Die Bilanz für die Ems ist laut der WWF-Studie verheerend: Trotz des Sperrwerks hat der Fluss keine Ruhe. Damit die 300 Meter langen Pötte den Fluss passieren können, „wird noch genauso viel gebaggert wie früher“, sagt Claus. Weitere Begradigungen und Brücken sind zudem geplant. Immerhin fließen ab kommenden Jahr erstmals 500.000 Euro in einen seit Jahren umkämpften Ems-Fond bei der Niedersächsischen Umweltstiftung.

Das ist Teil eines Vergleichs, mit dem Umweltverbände und Land vor zwei Wochen einen Schlussstrich unter ein seit 1998 tobendes Hick-Hack zogen, das bis zum Bundesverwaltungsgericht ging.

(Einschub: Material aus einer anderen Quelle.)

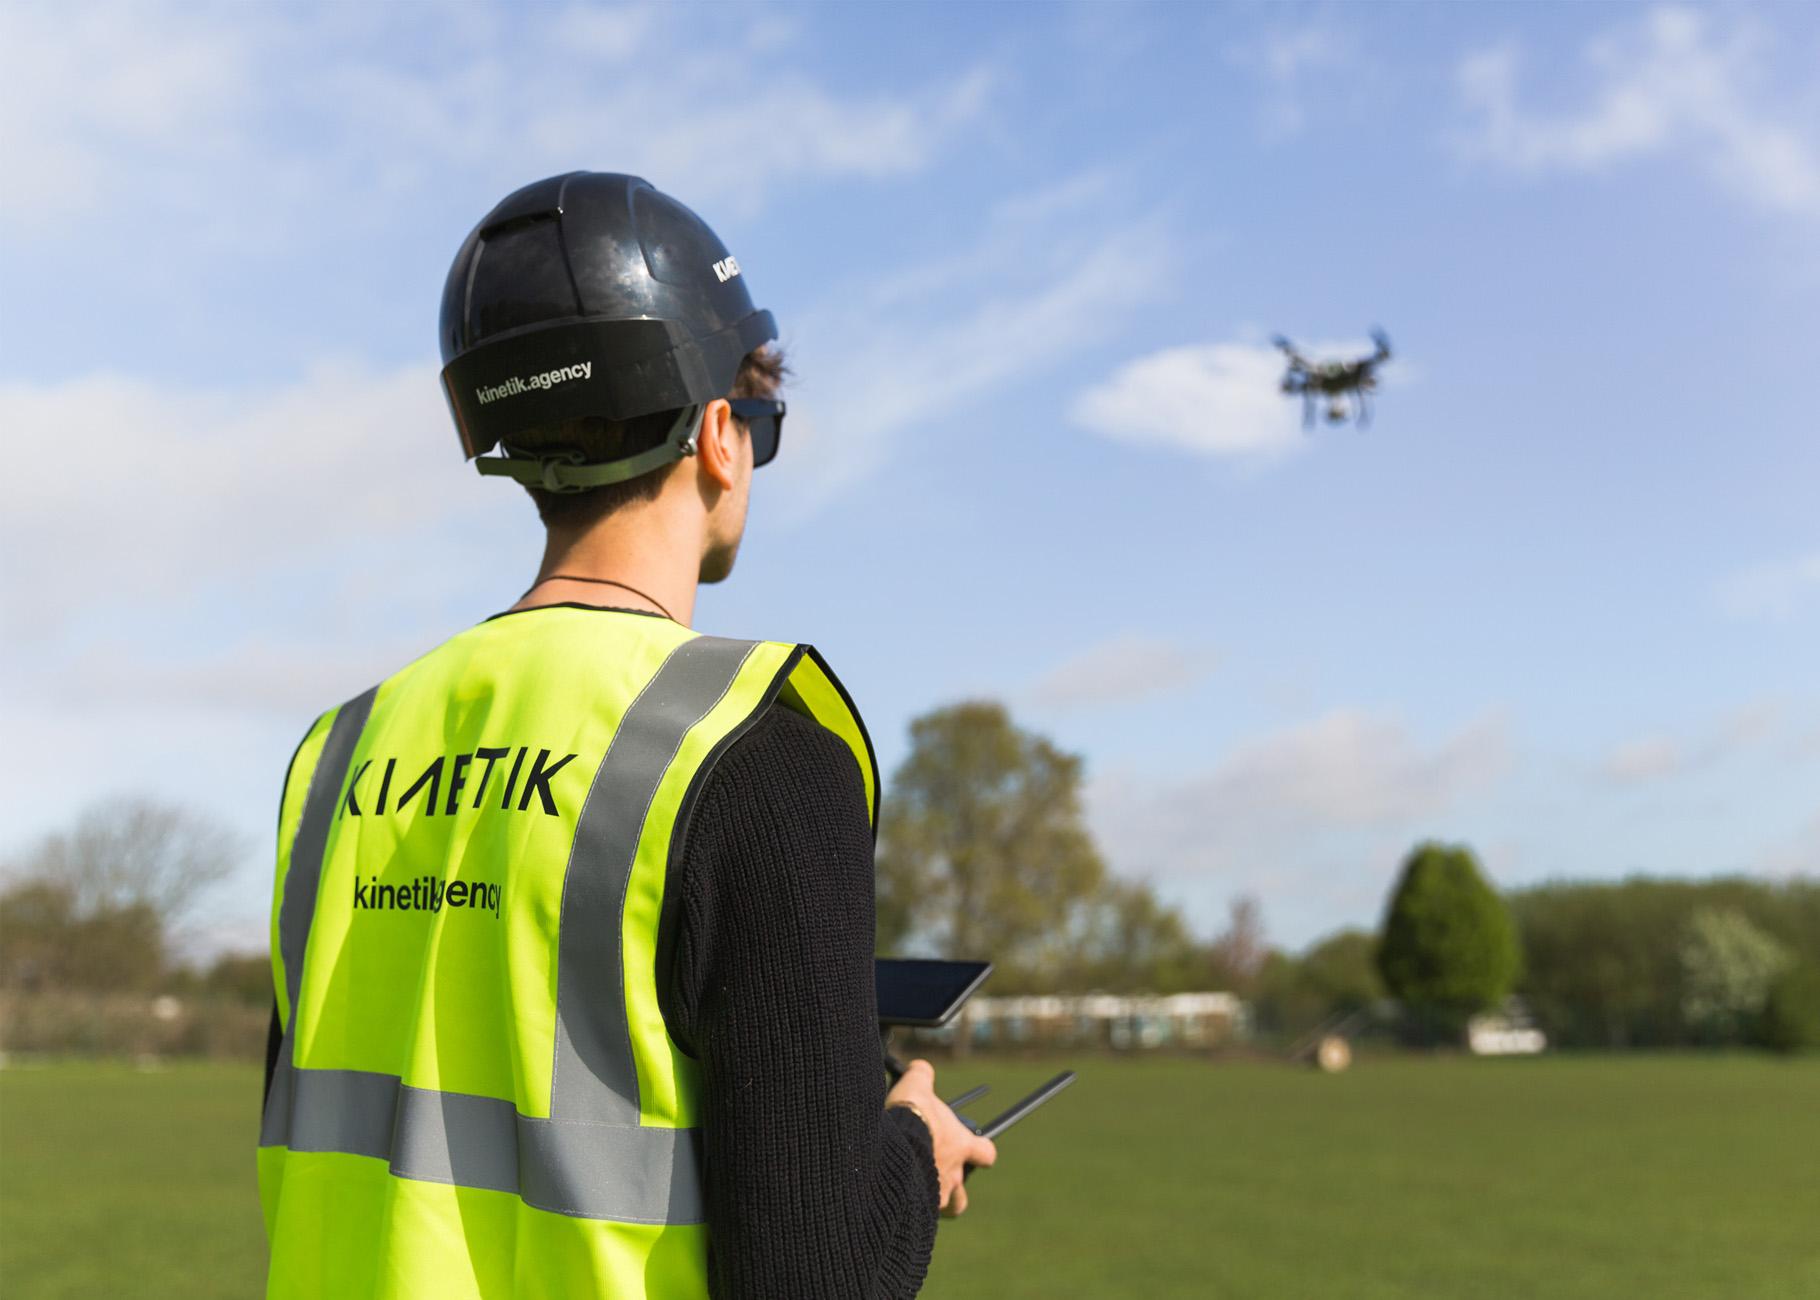 kinetik-drone

Eigentlich hatten Land und BUND, Nabu und WWF bereits 1994 die so genannte Emsvereinbarung geschlossen. Danach sollte die damalige Flussvertiefung auf 7,30 Meter die letzte sein, Niedersachsen verpflichtete sich gegen Wohlverhalten der Verbände zur Errichtung einer eigenständigen Ems-Stiftung mit einem Kapital von zehn Millionen Mark. Aber erst zwölf Jahre später erklärte sich das Land bereit, insgesamt bis zu neun Millionen Euro für Umweltmaßnahmen an der Ems bereitzustellen.

Die Umweltschützer fühlen sich von der Landesregierung über den Tisch gezogen: Er habe sich „erpresst“ gefühlt und nur mit „zusammengebissenen Zähnen“ zugestimmt, um einen ewigen Rechtsstreit mit dem Bundesland zu vermeiden, sagt ein Verhandlungsführer der Ökologen in einer vertraulichen Mail, die der taz vorliegt. Auch öffentlich wehren sich die Umweltverbände: „Eigentlich wären 22 Millionen Euro für den Fluss nötig“, sagt WWF-Expertin Claus. Die Natur werde „entscheidend von der Einigung zwischen Landesregierung und Umweltverbänden profitieren. Das ist praktische Umweltpolitik für Niedersachsen“, rühmt sich Umwelt-Staatssekretär Christian Eberl.

„Der Vergleich wird der Ems nichts mehr bringen“, meint hingegen Meta Janssen-Kucz. Die grüne Landtagsabgeordnete aus Leer sieht „keine Chance, dem toten Fluss wieder Leben einzuhauchen. Das Land hat einfach vermieden, frühzeitig die Weichen zu stellen“.